I learned about minimal polynomials of operators from $\textit{Linear Algebra Done Right}$ by Axler. In his description he explains how in order to find the minimal polynomial you must find the smallest positive integer $m$ such that $T^m$ is a linear combination of $I, T, T^2, \ldots, T^{m-1}$. That is, the smallest integer $m$ such that
$$T^m = a_0I+a_1T+a_2T^2+ \cdots +a_{m-1}T^{m-1}.$$
As for the eigenvalues…since we are working with real-valued matrices, then $A$ and $A^t$ have the same eigenvalues, so if $\lambda \in \mathbb{R}$ is an eigenvalue of $A$ (and hence of $A^t$) wouldn't $2\lambda$ be an eigenvalue of $A+A^t$? I apologize if I am saying utter nonsense…
Best Answer
For the minimal polynomial we note that $$T^2(A)=T(T(A))=T(A+A^t)=(A+A^t)+(A+A^t)^t=2(A+A^t)=2T(A)\ ;$$ thus $T^2-2T=\bf0$ and the minimal polynomial is $z^2-2z$ (it's easy to check that no polynomial of smaller degree works).

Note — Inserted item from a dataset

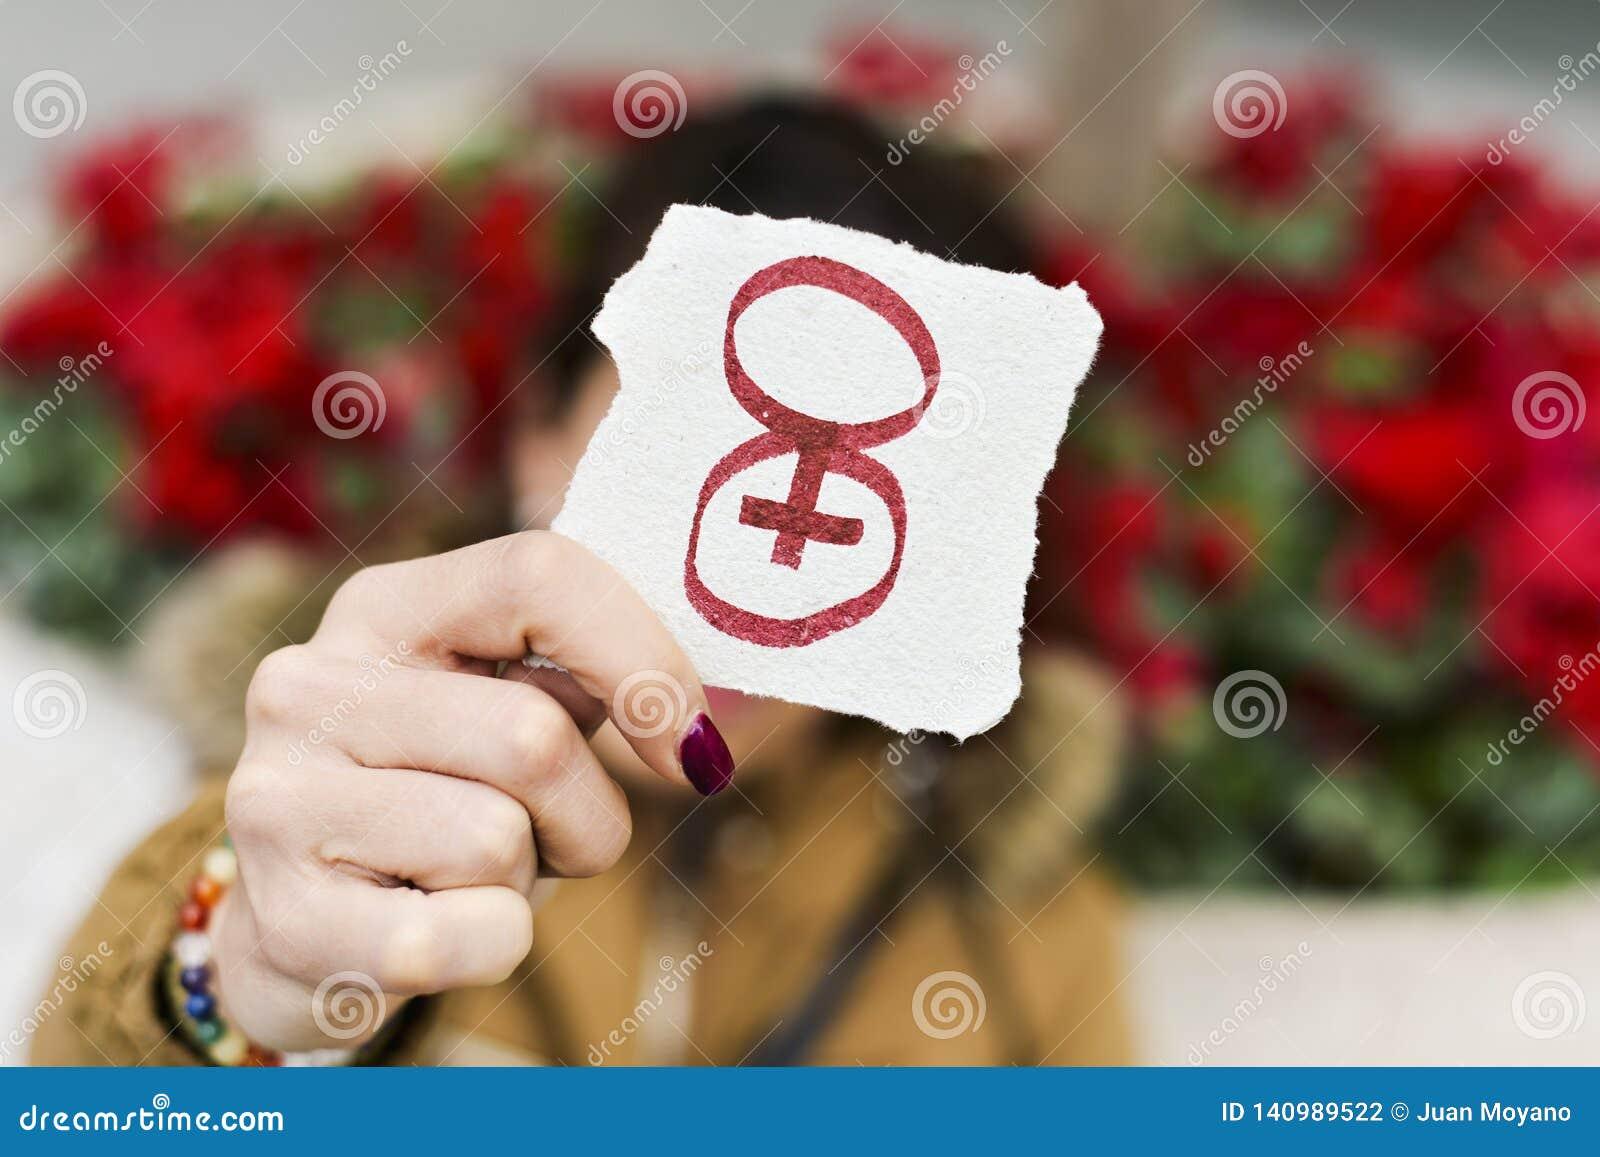 Nummer 8, voor 8 maart, de dag van de vrouwen

For eigenvalues: we need $$A+A^t=\lambda A\ .$$ Taking the transpose, $A^t+A=\lambda A^t$ and so $$\lambda A=\lambda A^t\ .$$ Hence $$\lambda=0\ ,\quad A^t=-A$$ or $$A^t=A\ ,\quad \lambda=2\ .$$ The eigenvalues and eigenspaces are $$\lambda=0\ ,\ \{\hbox{skew-symmetric matrices}\}\quad\hbox{and}\quad \lambda=2\ ,\ \{\hbox{symmetric matrices}\}\ .$$ The geometric multiplicities are $$\frac{n(n-1)}2\ ,\quad \frac{n(n+1)}2$$ respectively, and since they add up to $n^2$, the dimension of $M_n$, they must also be the algebraic multiplicities. So the characteristic polynomial is $$z^{n(n-1)/2}(z-2)^{n(n+1)/2}\ .$$
Your last paragraph is wrong but I think Gerry has explained it clearly in his comment so I won't say anything more.